**Exercise details:** With the pictures omitted, transcribe each line below exactly as it is.

**Supplied data:**
· · · · ·
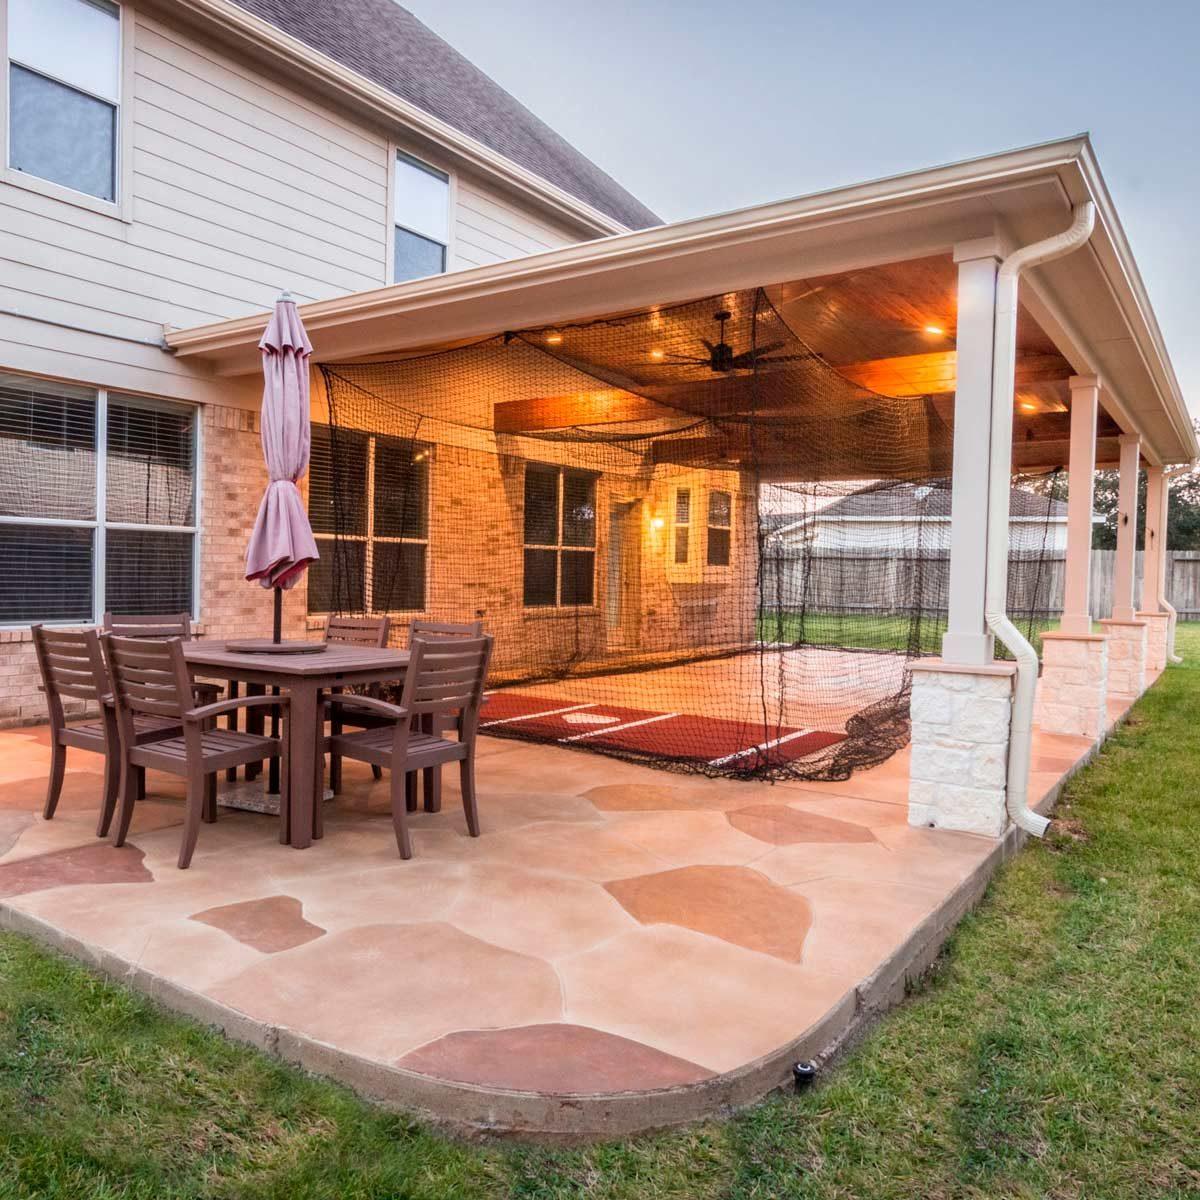 12 stamped concrete patio ideas we love
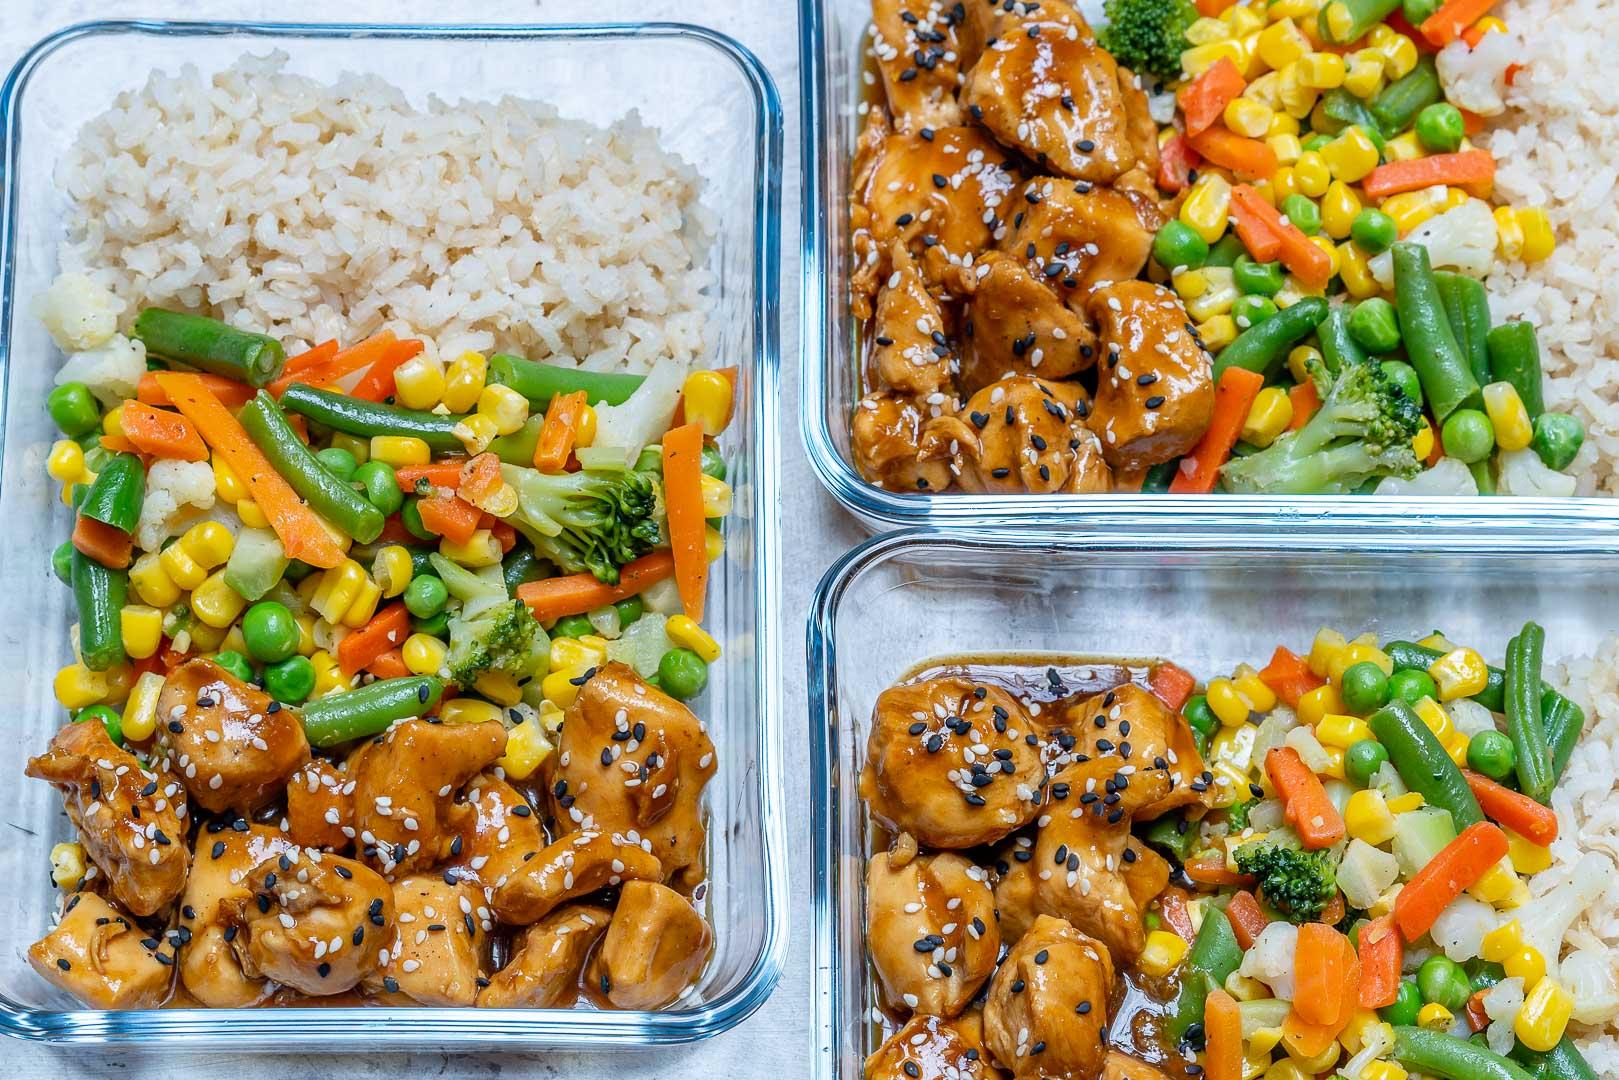 Healthy Meal-Prep Teriyaki Chicken Bowls
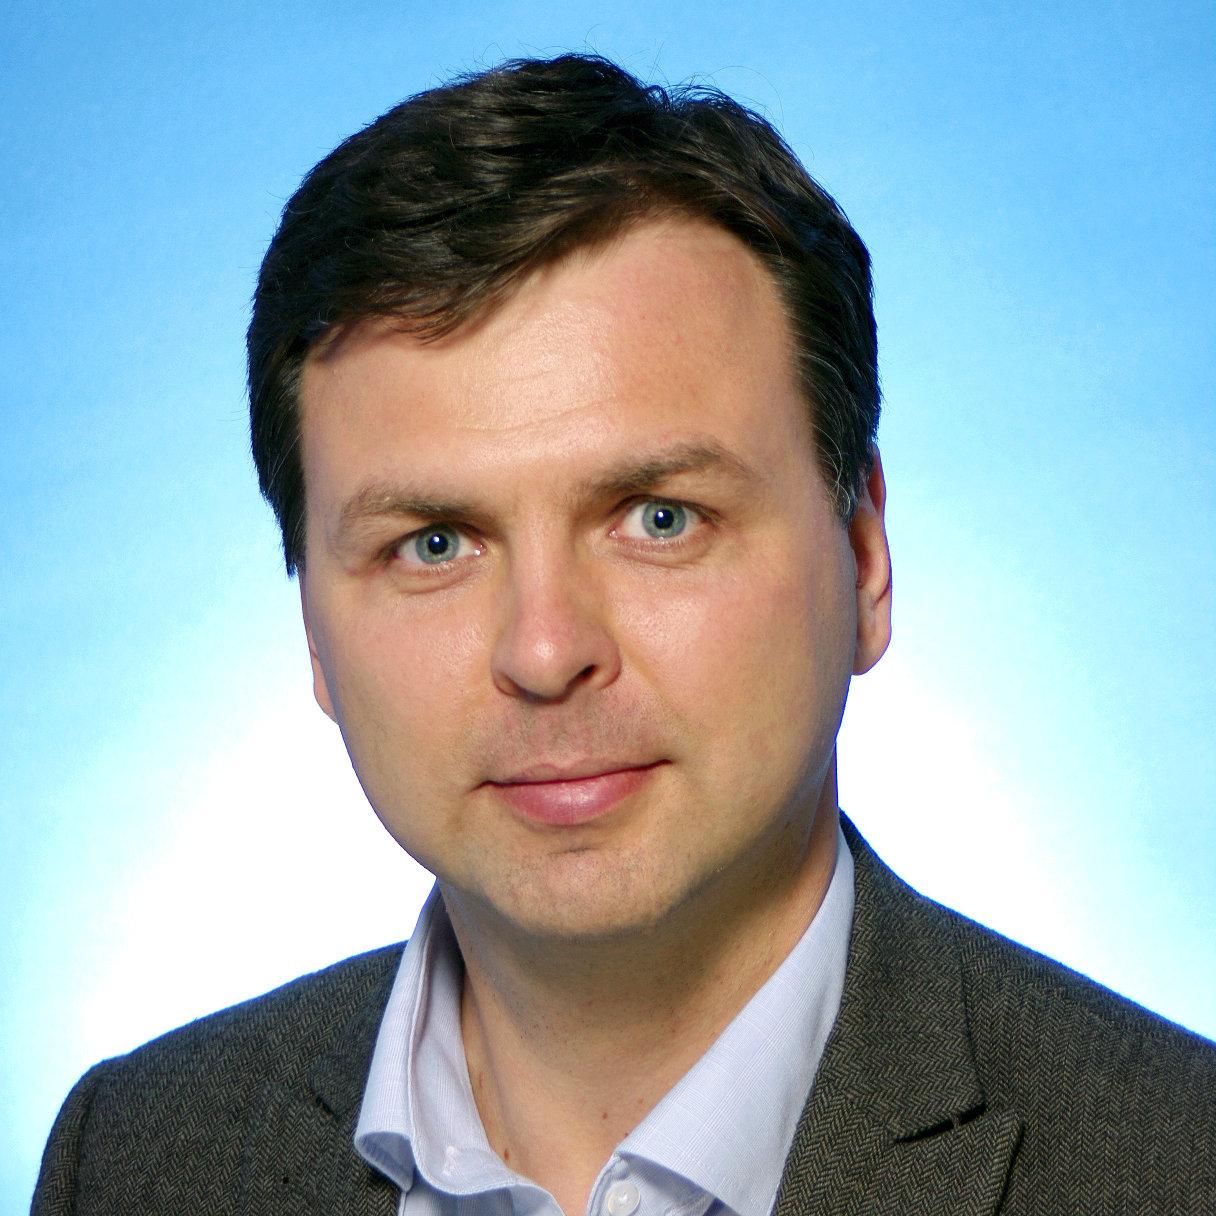 Kristjan Rotenberg
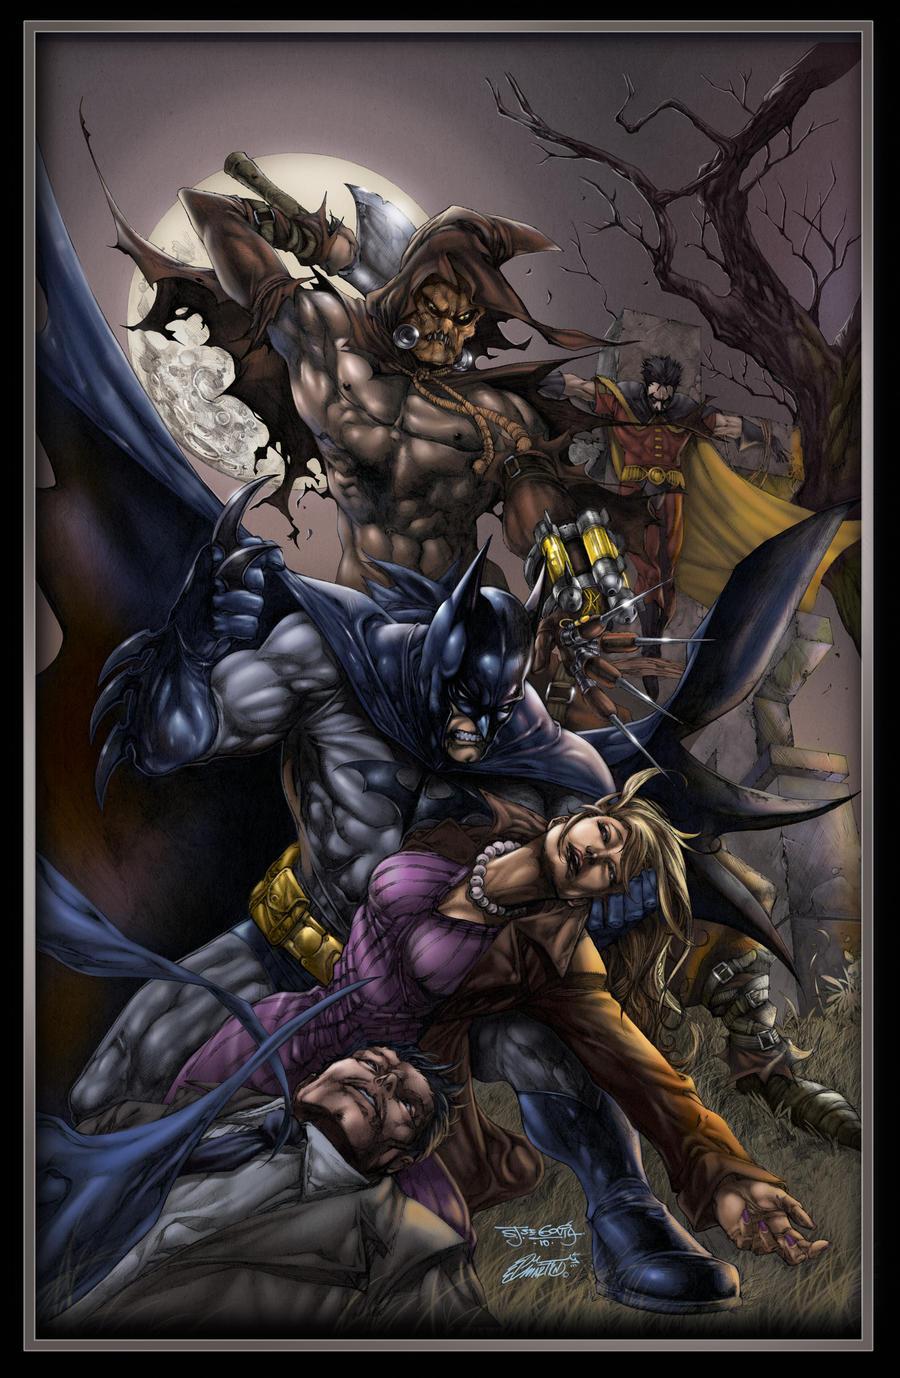 Batman vs scarecrow colors by aladecuervo
· · · · ·
**Answer section:**
 12 stamped concrete patio ideas we love
 Healthy Meal-Prep Teriyaki Chicken Bowls
 Kristjan Rotenberg
 Batman vs scarecrow colors by aladecuervo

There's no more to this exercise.